_Your instructions:_ Transcribe the listing that follows in full, omitting pictures.

_Raw data:_
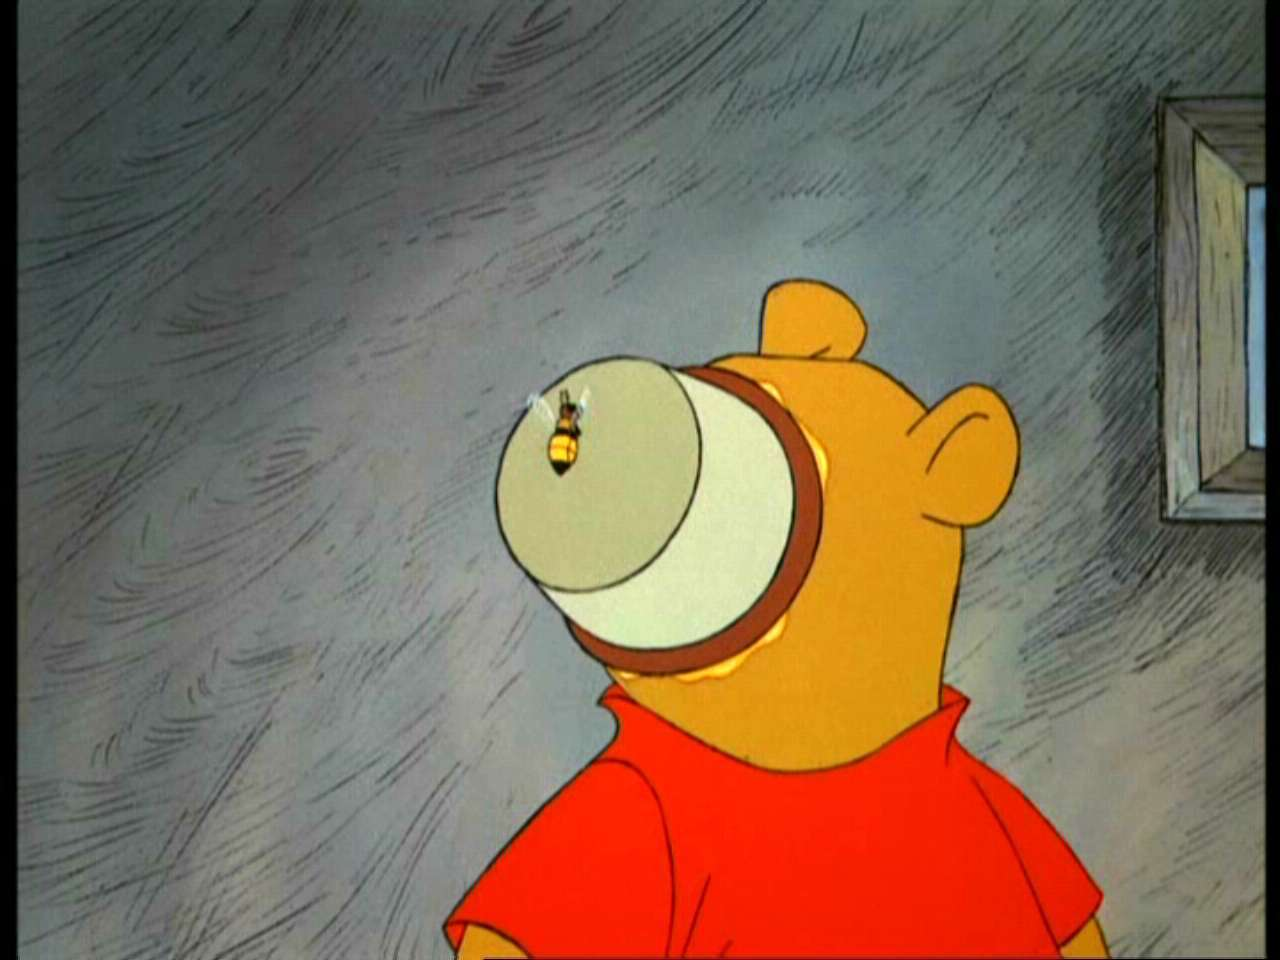 Winnie the Pooh Winnie the Pooh and the Hunny Tree
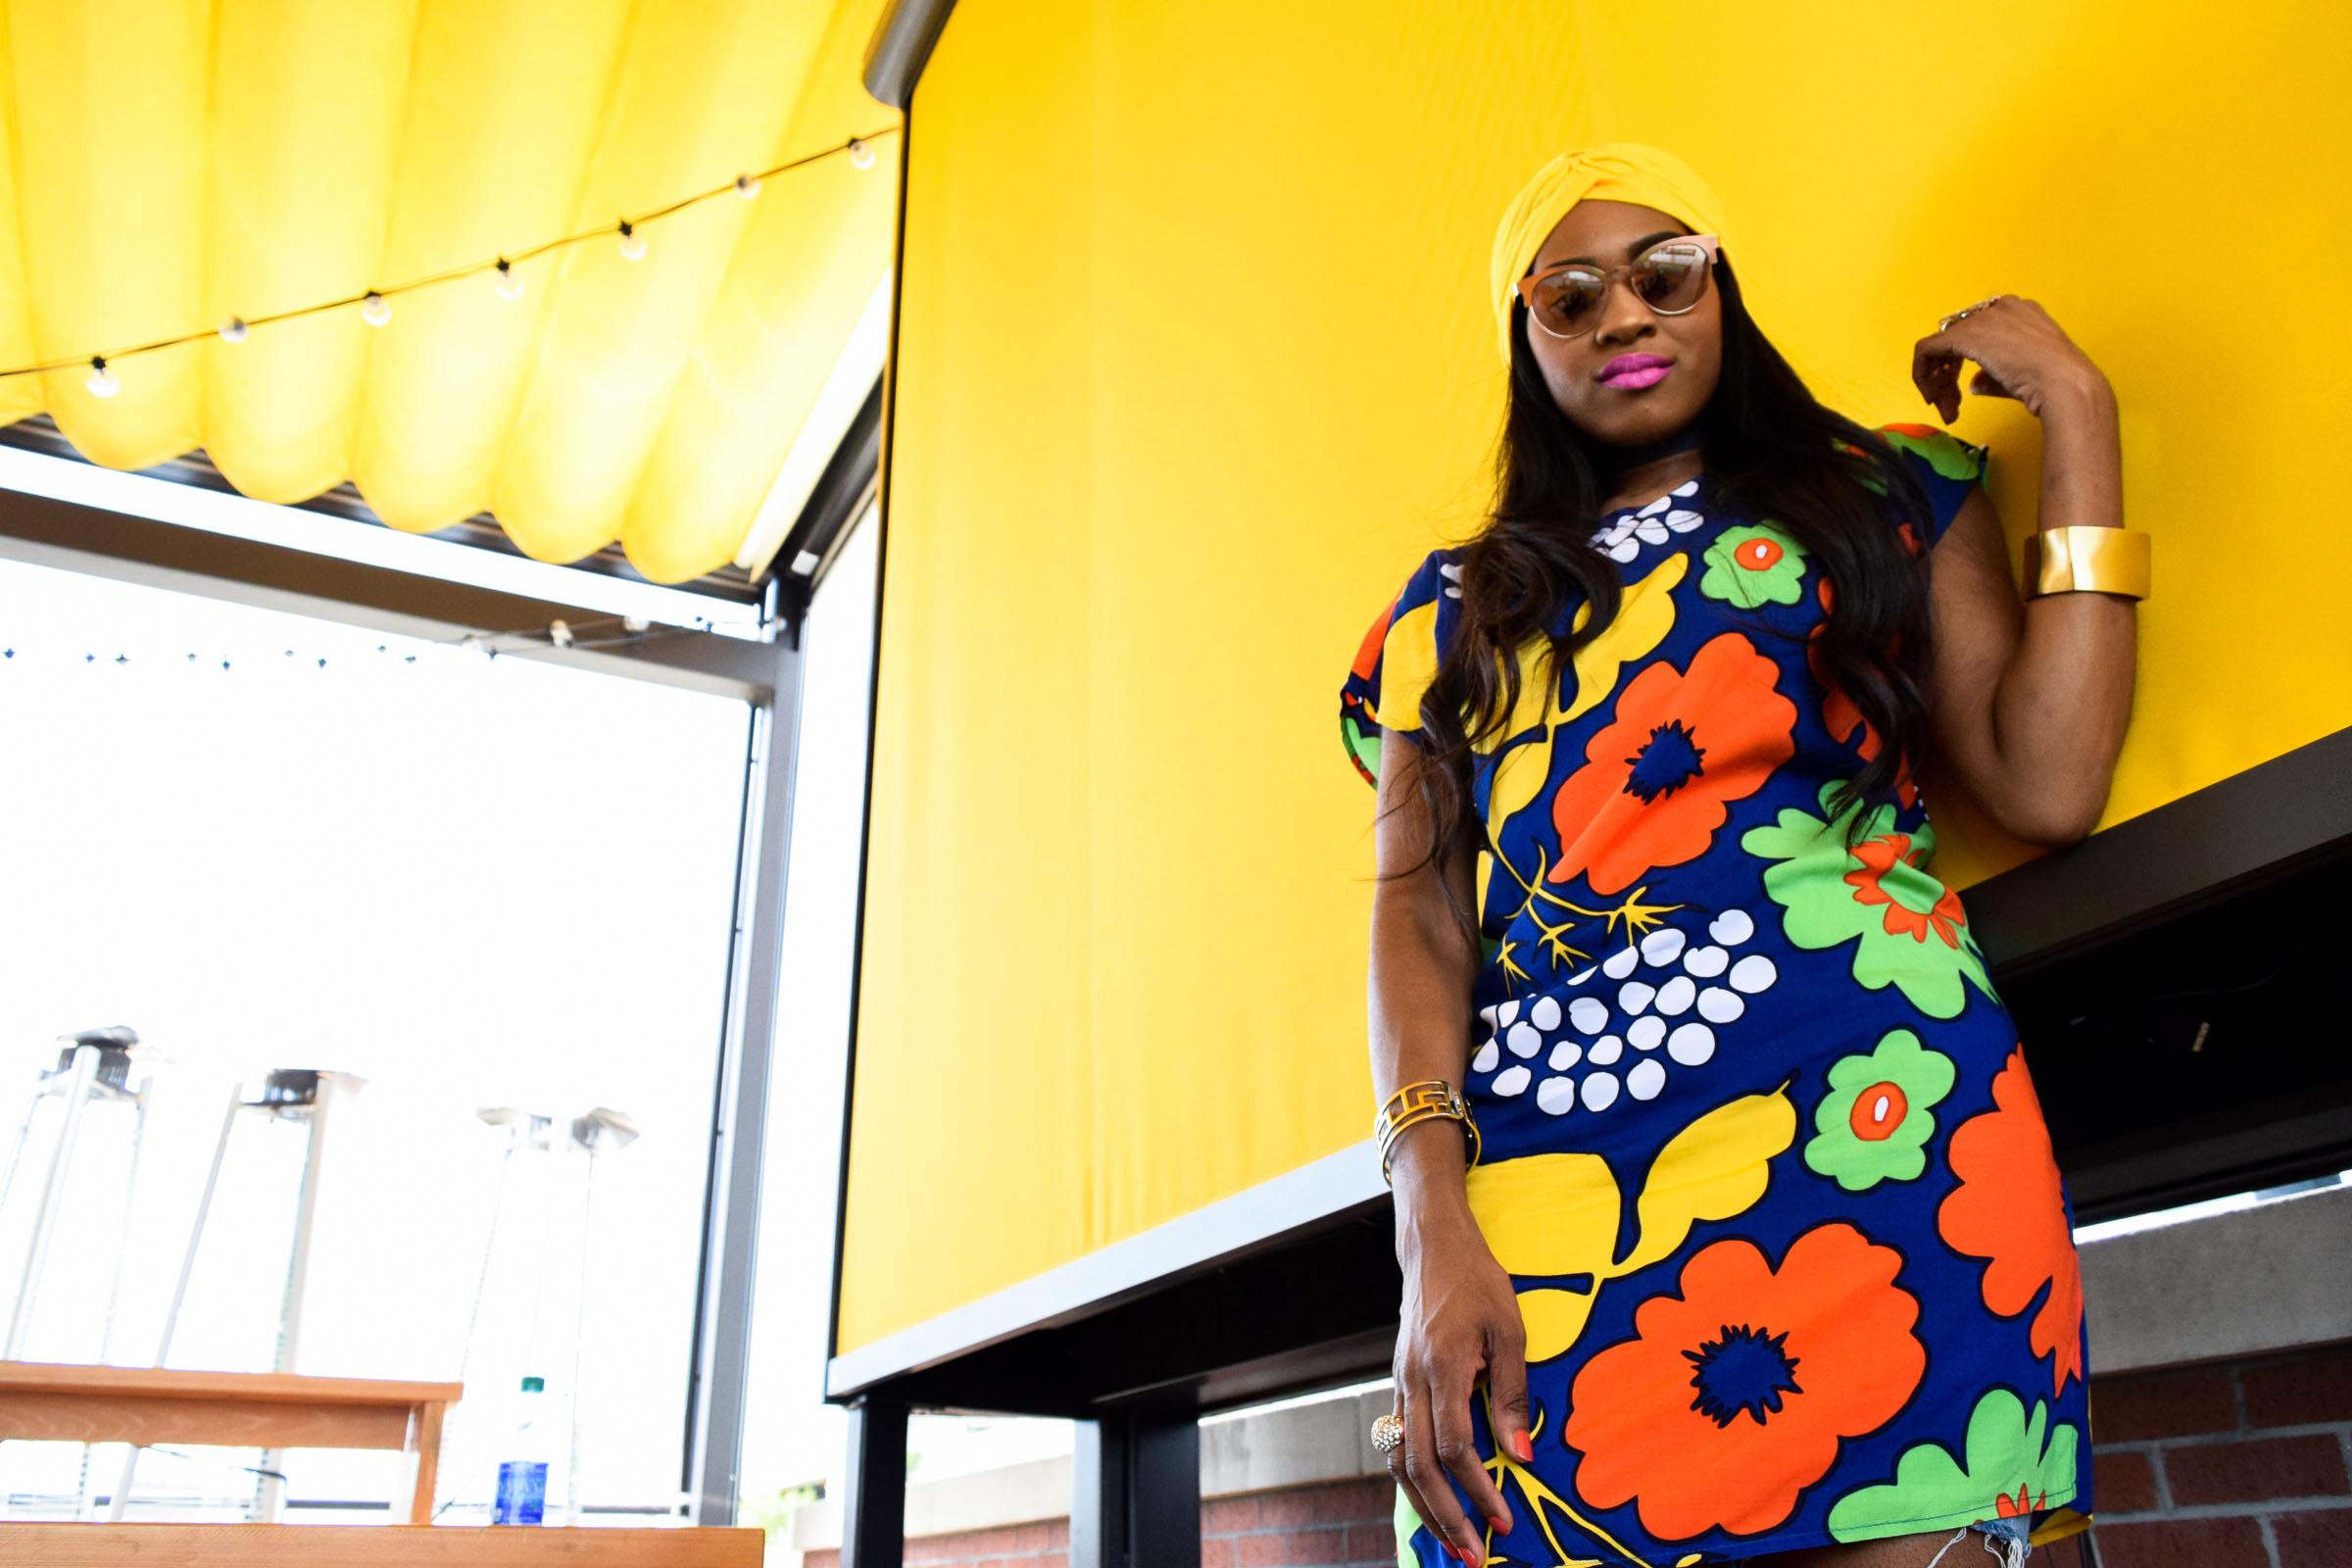 Style-Files-Target-Marimeko-collection -floral-tunic-justfab-tayrey-yellow-fringe-heels-sandals-yellow-turban-asos-denim-choker-oohlalablog-3
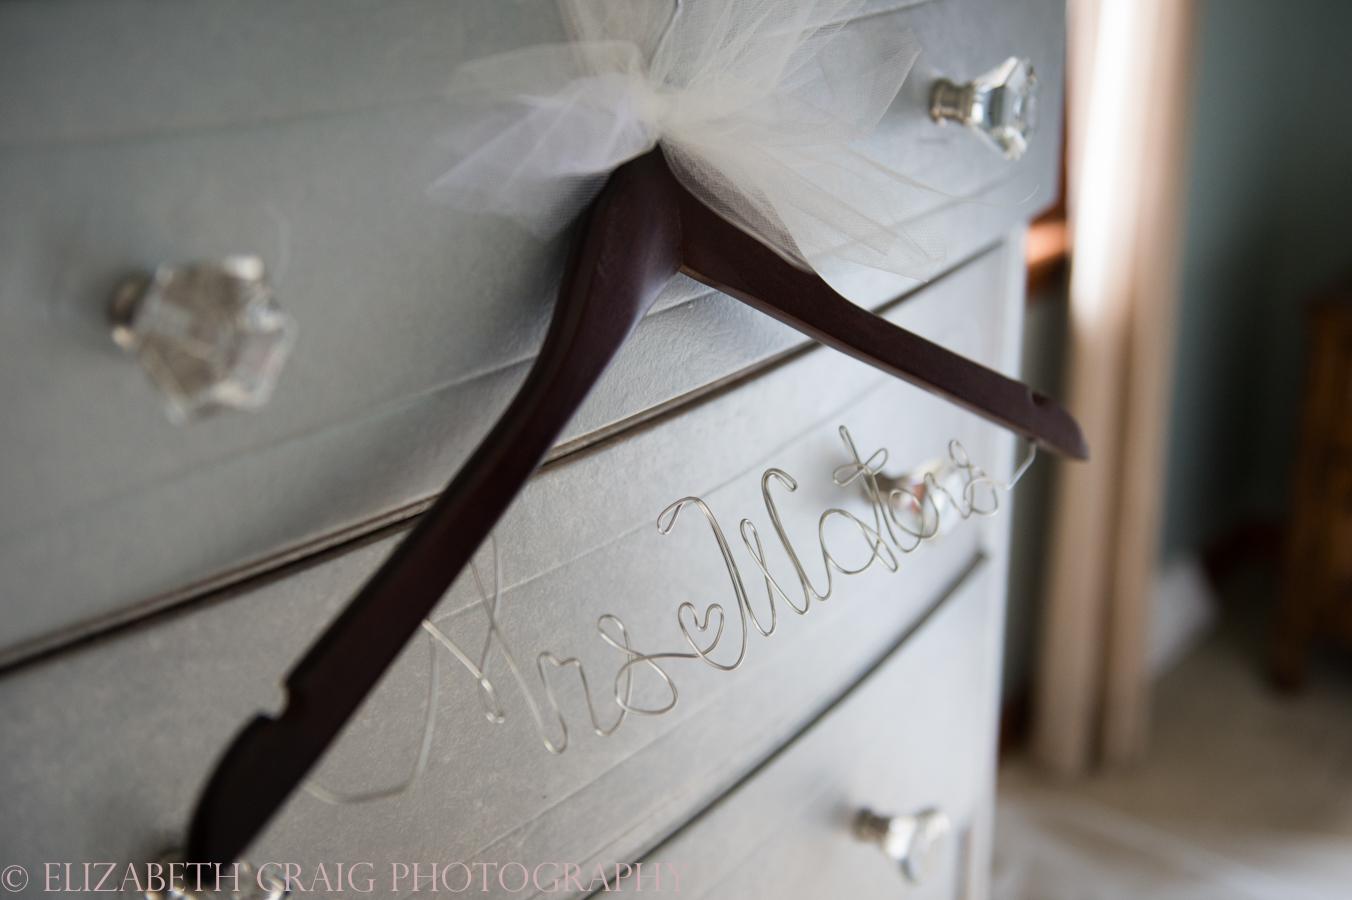 pittsburgh-greek-weddings-fairmont-weddings-receptions-elizabeth-craig-photohgraphy-002

_Answer to this problem:_
 Winnie the Pooh Winnie the Pooh and the Hunny Tree
 Style-Files-Target-Marimeko-collection -floral-tunic-justfab-tayrey-yellow-fringe-heels-sandals-yellow-turban-asos-denim-choker-oohlalablog-3
 pittsburgh-greek-weddings-fairmont-weddings-receptions-elizabeth-craig-photohgraphy-002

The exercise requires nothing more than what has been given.